# Explicit fundamental domain for the action of $\operatorname{O}(n,1)(\mathbb{Z})$ on $\operatorname{O}(n,1)(\mathbb{R})$

Minkowski computed explicit fundamental domains for the action of $$\operatorname{SL}_n(\mathbb{Z})$$ on $$\operatorname{SL}_n(\mathbb{R})/\operatorname{SO}_n(\mathbb{R})$$ for each $$n \leq 6$$. In the case where $$n = 2$$, one obtains the familiar fundamental domain for the action of $$\operatorname{SL}_2(\mathbb{Z})$$ on the complex upper half-plane. The case where $$n = 3$$ is studied in detail in the paper entitled "Hecke Operators and the Fundamental Domain for $$\operatorname{SL}(3, \mathbb{Z})$$" by Daniel Gordon et al.

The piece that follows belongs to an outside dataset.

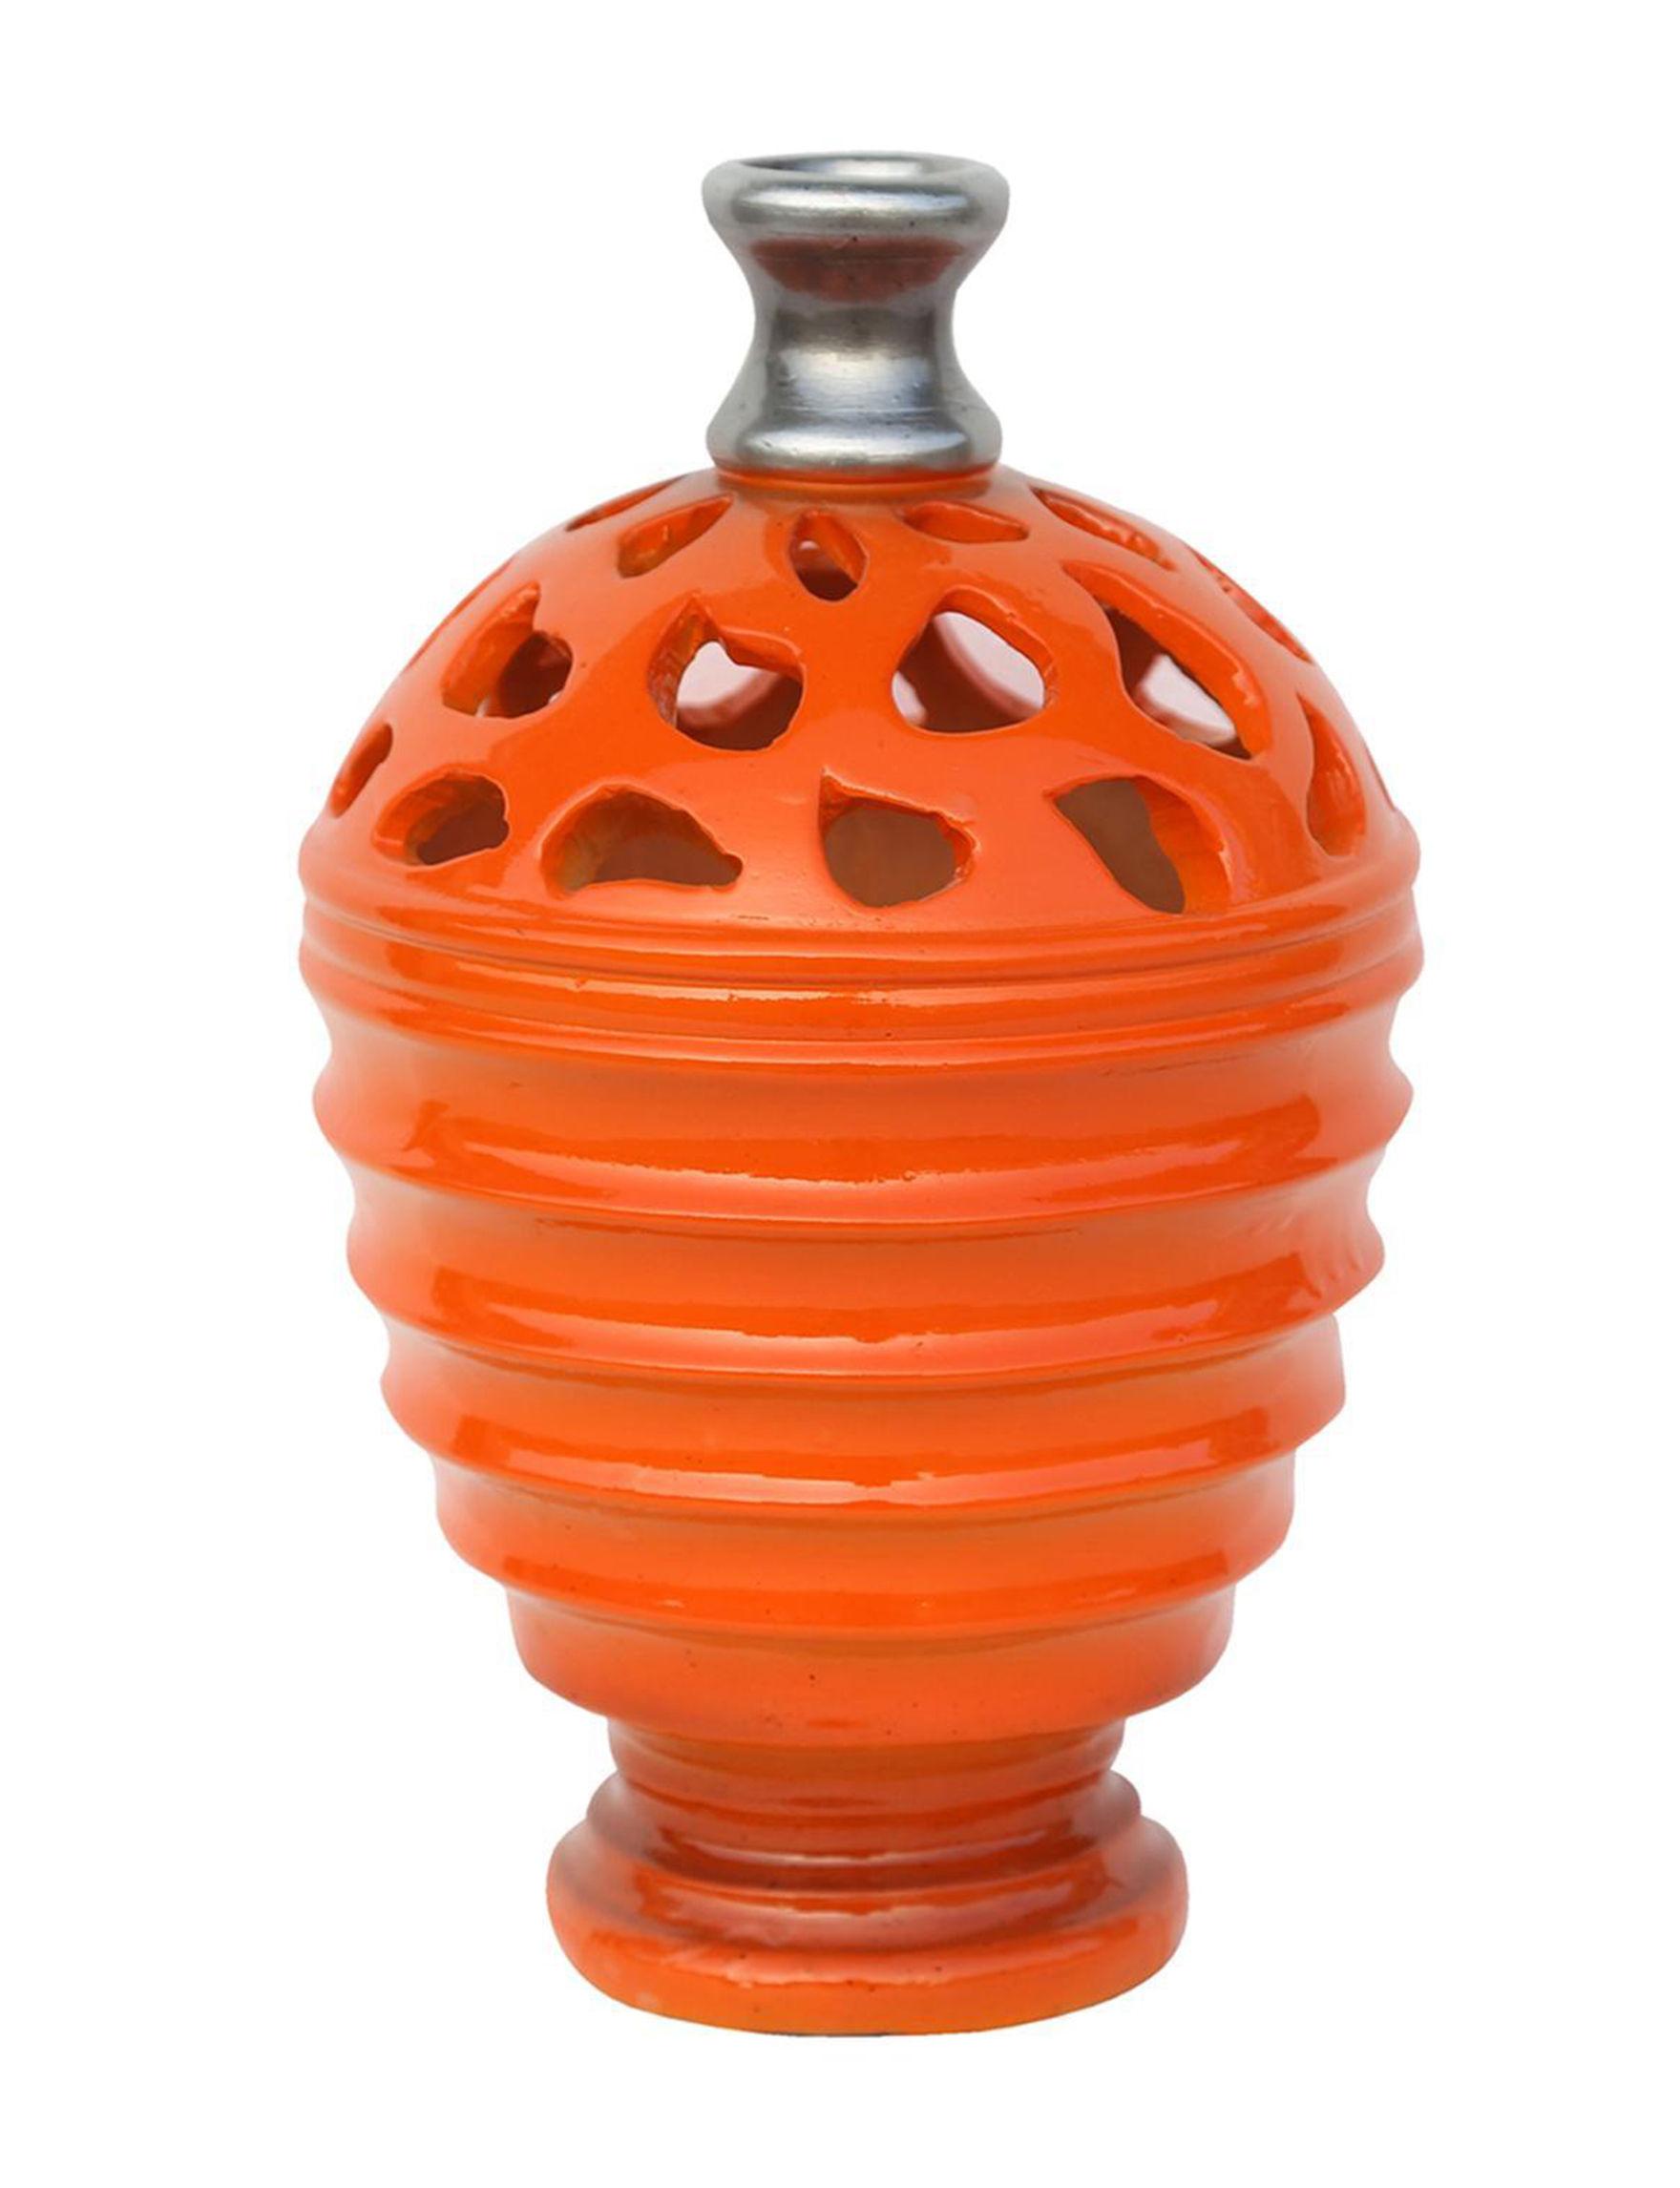 Northlight Orange Decorative Objects Outdoor Decor

Are there analogous computations in the literature of explicit fundamental domains for the action of the orthogonal group $$\operatorname{O}(n,1)(\mathbb{Z})$$ on $$\operatorname{O}(n,1)(\mathbb{R})$$, at least for some small values of $$n$$? I am particularly interested in the case where $$n = 2$$.

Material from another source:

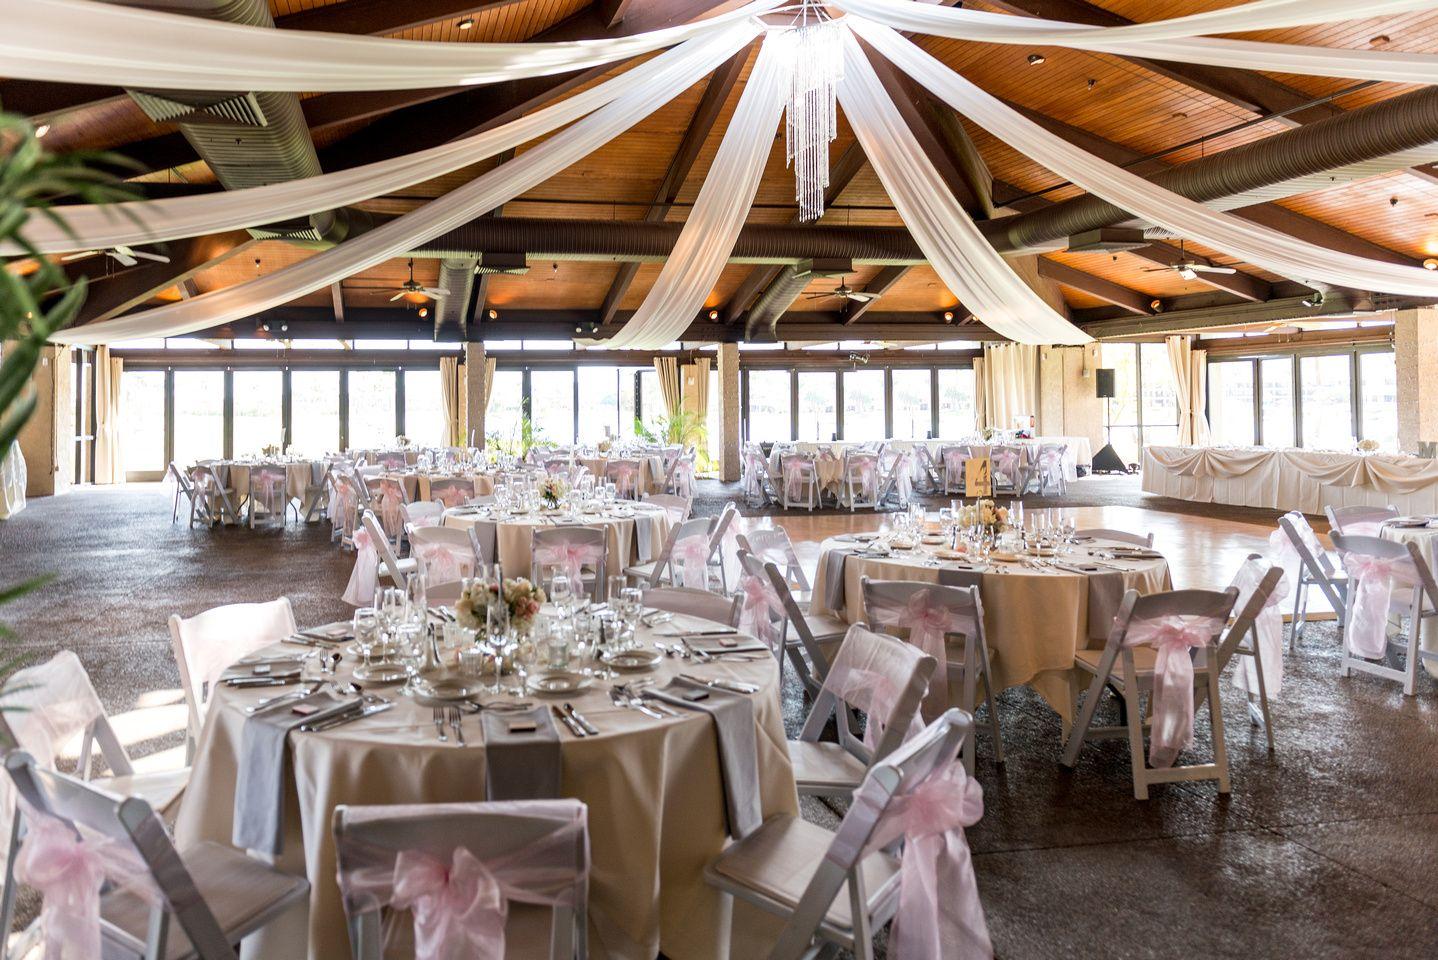 One Of Our Light Summer Weddings Venue Mccormick Ranch Golf Club Scottsdale Arizona Photographer Foskett Creative Florist Cactus Flowers

What I know: I understand that computing such fundamental domains is difficult in general. I'm aware of the construction of Borel and Harish-Chandra via Siegel domains, but I'm not sure whether it's possible to make their construction explicit in the way that Minkowski was able to do.

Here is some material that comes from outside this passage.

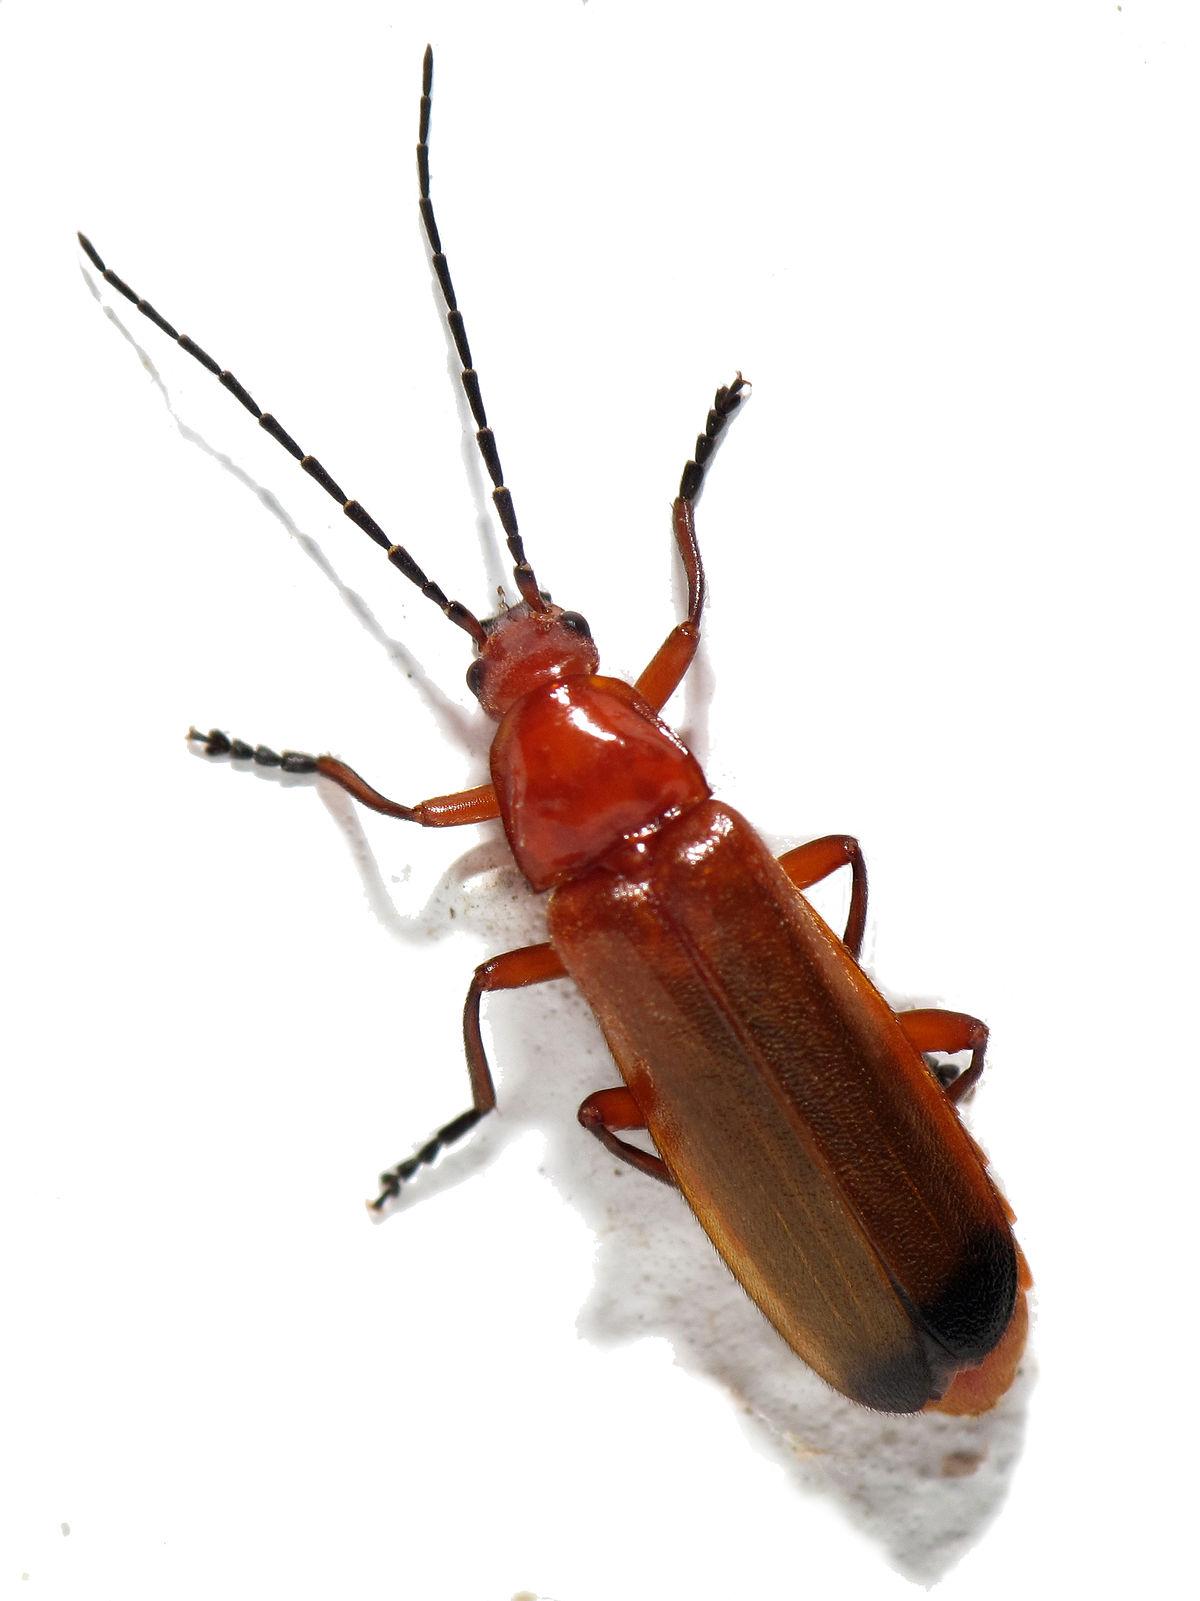 Soldier beetle photo

• $O(2,1)(\mathbb{Z})$ is commensurable with $\mathrm{PSL}_2(\mathbb{Z})$ and $O(3,1)(\mathbb{Z})$ with $\mathrm{PSL}_2(\mathbb{Z}[i])$, so you should be able to recover fundamental domains for these two from fundamental domains present in the literature. – Aurel Mar 28 at 13:36
• – Aurel Mar 28 at 13:40

For information about these groups up through dimension 17, see:

Vinberg, È. B. The groups of units of certain quadratic forms. (Russian) Mat. Sb. (N.S.) 87(129) (1972), 18–36. English translation [Math. USSR-Sb. 87 (1972), 17–35].

Vinberg shows up through dimension 17 that $$O(n,1; \mathbb{Z})$$ has a finite index subgroup generated by reflections. He gives an explicit polygon for this reflection group, i.e., a fundamental domain for its action. Then $$O(n,1; \mathbb{Z})$$ is generated by this reflection group along with the symmetry group of the polygon.

He has a later paper with Kaplinskaja that studies 18 and 19:

Vinberg, È. B.; Kaplinskaja, I. M. The groups O18,1(Z) and O19,1(Z). (Russian) Dokl. Akad. Nauk SSSR 238 (1978), no. 6, 1273–1275. English translation: Soviet Math. Dokl. 19 (1978), no. 1, 194–197.

I believe there are some references for (slightly) higher dimensions as well. You might look at some papers of Allcock, for example.

Edit: For the special case $$n=2$$, it is reflections in the sides of a $$(2,4,\infty)$$ triangle, i.e., angles $$\pi/2$$, $$\pi/4$$, and one ideal vertex. This can be seen directly from the diagram in Table 5 of Vinberg's paper.